Find the string "Mesh" in the material. Copy every line that has it.

Data for the task>
------------------------------------------------
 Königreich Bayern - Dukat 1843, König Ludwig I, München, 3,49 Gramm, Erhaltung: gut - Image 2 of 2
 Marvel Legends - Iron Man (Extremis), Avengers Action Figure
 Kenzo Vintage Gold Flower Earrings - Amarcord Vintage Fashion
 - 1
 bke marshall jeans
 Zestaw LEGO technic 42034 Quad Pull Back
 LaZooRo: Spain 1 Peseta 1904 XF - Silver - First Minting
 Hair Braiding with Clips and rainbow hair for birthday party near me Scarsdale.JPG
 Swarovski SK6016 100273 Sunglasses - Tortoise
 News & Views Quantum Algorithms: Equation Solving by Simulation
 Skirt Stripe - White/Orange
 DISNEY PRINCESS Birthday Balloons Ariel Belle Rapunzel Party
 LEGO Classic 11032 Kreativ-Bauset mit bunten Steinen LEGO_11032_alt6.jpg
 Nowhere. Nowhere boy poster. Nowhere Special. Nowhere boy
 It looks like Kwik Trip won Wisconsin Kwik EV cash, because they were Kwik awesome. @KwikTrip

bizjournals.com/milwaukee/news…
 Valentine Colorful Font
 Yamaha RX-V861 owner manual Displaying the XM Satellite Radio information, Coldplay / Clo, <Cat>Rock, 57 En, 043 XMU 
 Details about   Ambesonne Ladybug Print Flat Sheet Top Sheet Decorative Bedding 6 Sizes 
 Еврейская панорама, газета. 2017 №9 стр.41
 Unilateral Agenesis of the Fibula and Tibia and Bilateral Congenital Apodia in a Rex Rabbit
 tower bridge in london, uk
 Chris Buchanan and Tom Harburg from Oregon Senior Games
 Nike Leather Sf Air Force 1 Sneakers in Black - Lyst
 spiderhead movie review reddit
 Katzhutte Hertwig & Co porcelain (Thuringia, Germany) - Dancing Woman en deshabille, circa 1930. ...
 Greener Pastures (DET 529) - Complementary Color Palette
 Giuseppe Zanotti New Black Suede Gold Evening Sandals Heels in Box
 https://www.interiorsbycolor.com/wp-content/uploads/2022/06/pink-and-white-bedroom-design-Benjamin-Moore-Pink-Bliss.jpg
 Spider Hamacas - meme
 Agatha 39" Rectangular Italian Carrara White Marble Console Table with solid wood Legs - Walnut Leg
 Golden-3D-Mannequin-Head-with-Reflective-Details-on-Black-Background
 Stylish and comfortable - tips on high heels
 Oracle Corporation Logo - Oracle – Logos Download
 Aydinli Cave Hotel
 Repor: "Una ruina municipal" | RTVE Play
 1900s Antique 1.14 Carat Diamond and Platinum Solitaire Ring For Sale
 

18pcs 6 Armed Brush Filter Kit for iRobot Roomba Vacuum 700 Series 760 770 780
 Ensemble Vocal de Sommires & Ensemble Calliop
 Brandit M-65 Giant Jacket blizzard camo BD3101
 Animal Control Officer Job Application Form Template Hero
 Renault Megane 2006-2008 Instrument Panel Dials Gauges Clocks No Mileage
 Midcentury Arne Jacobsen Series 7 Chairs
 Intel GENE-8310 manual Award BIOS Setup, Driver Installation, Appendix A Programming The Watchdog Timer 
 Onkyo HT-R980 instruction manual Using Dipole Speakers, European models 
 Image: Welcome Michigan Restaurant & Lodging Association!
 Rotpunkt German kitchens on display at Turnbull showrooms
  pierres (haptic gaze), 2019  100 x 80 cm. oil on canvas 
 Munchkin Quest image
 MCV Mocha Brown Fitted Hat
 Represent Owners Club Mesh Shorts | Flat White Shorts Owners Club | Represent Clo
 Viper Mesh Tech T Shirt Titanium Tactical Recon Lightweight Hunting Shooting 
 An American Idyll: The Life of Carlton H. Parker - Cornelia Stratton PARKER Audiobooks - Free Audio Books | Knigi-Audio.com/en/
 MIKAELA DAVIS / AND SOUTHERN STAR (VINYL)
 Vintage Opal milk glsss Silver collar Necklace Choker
------------------------------------------------
Task result>
 Represent Owners Club Mesh Shorts | Flat White Shorts Owners Club | Represent Clo
 Viper Mesh Tech T Shirt Titanium Tactical Recon Lightweight Hunting Shooting 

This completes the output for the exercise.